Florida wildlife officials prepare to help manatees after record deaths

Tallahassee Florida. After a record number of manatee deaths mostly linked to malnutrition, state and federal wildlife officials hope to double rescue and rehabilitation capabilities before dugongs congregate again in warm waters over the winter.

On a conference call Wednesday with reporters, officials from the Florida Fish and Wildlife Commission and the U.S. Fish and Wildlife Service said they are continuing to build infrastructure and equipment in anticipation of an increased response when manatees return in winter to areas depleted of seagrass.

Terry Calson, a biologist with the US Fish and Wildlife Service, said meetings have long been underway with people involved in rehabilitation about the need to accommodate larger numbers of sick manatees “in the coming years.”

Watch out for the manatees

Callison said 89 sheep are being treated at facilities across the state, from starvation cases to boat collision injuries. If necessary, resources are available to handle nearly 100.

Related: US approves critical habitat update for Florida manatees | Florida wildlife officials say some manatee food is growing

“I’d really like to see … almost twice that if we could muster that,” Calson said.

“A lot of that depends on how severe (the condition) the animals are,” Calson said. “One critical animal that needs around-the-clock care can bond one whole group until that animal reaches a point where it is stable.”

Agencies are warning people not to look for manatees while on boats during upcoming holidays.

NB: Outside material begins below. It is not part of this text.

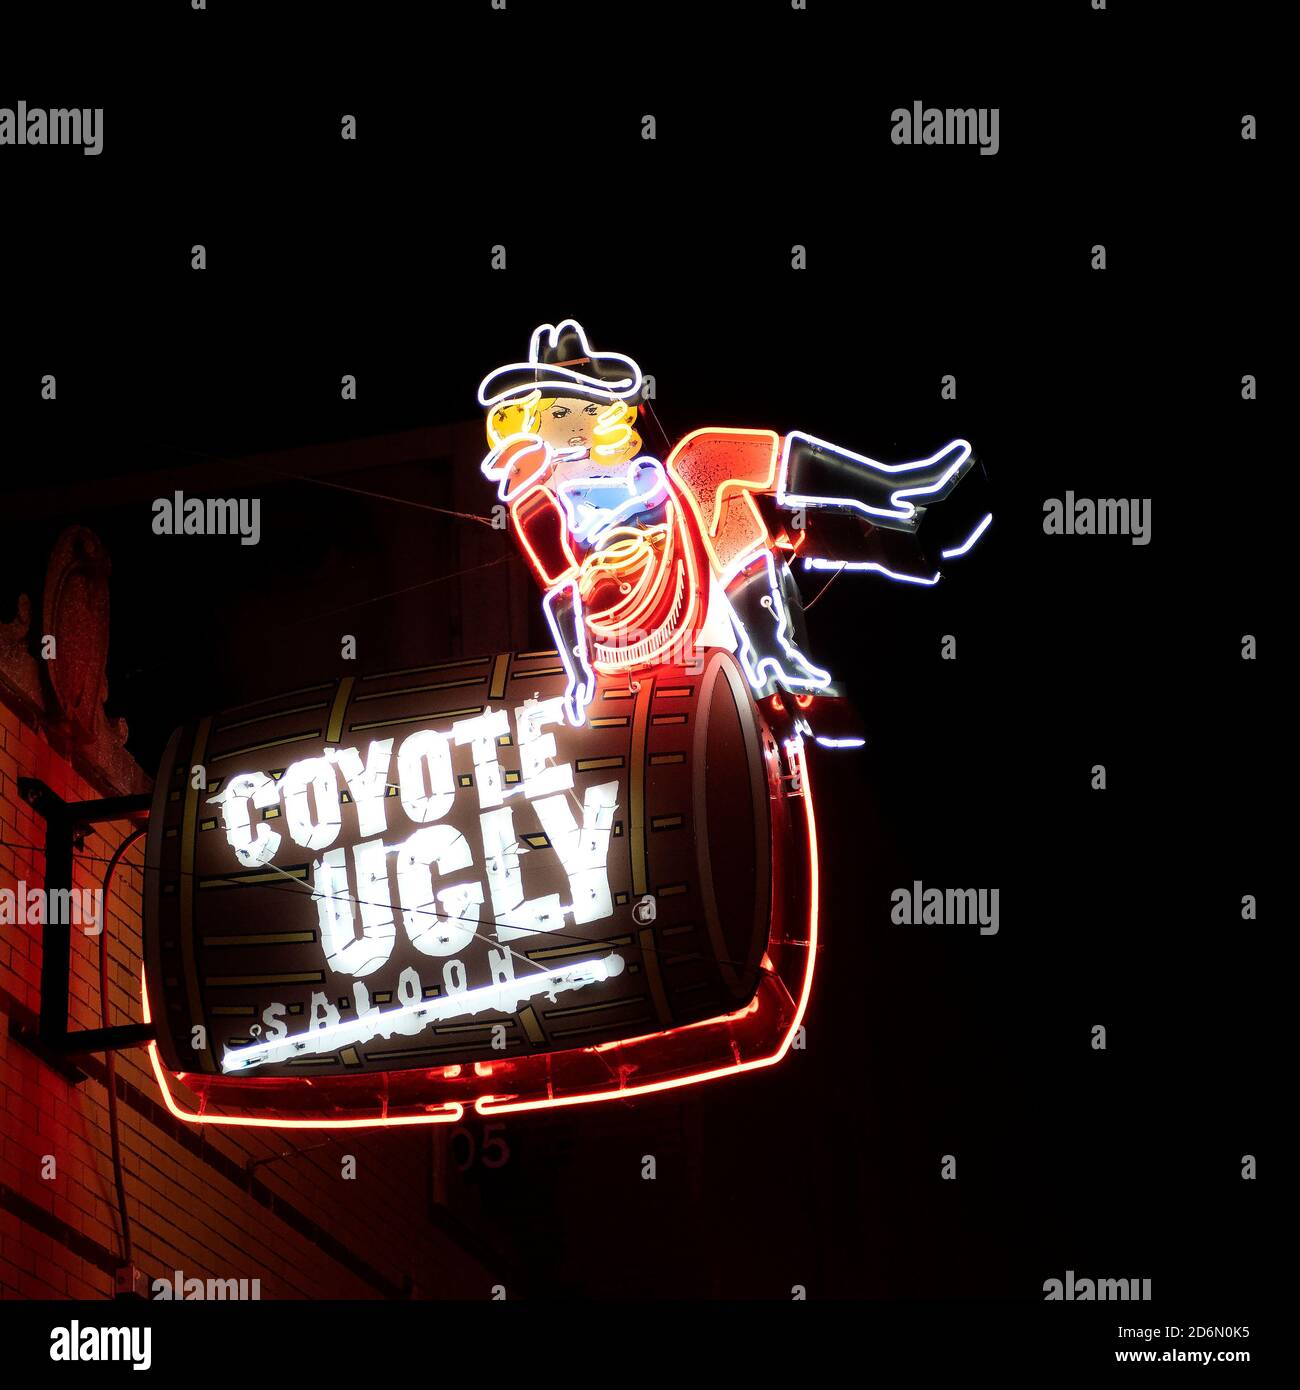 Memphis, TN, USA - 24. September 2019: Neonschild für Coyote Ugly Saloon auf der berühmten Beale Street. Es gehört zu einer Kette von Bars und wurde in vorgestellt Stockfoto

Over the past winter the Fish and Wildlife Conservation Committee and the Fish and Wildlife Service conducted a very unusual supplemental feeding effort that provided lettuce to manatees, which starved of poor water quality and algal blooms resulting in a depletion of seaweed in key forage areas.

Wildlife officials predict they may once again have to supply lettuce to manatees congregating in East Coast waters next winter. As of June 3, 575 manatee deaths have been reported this year.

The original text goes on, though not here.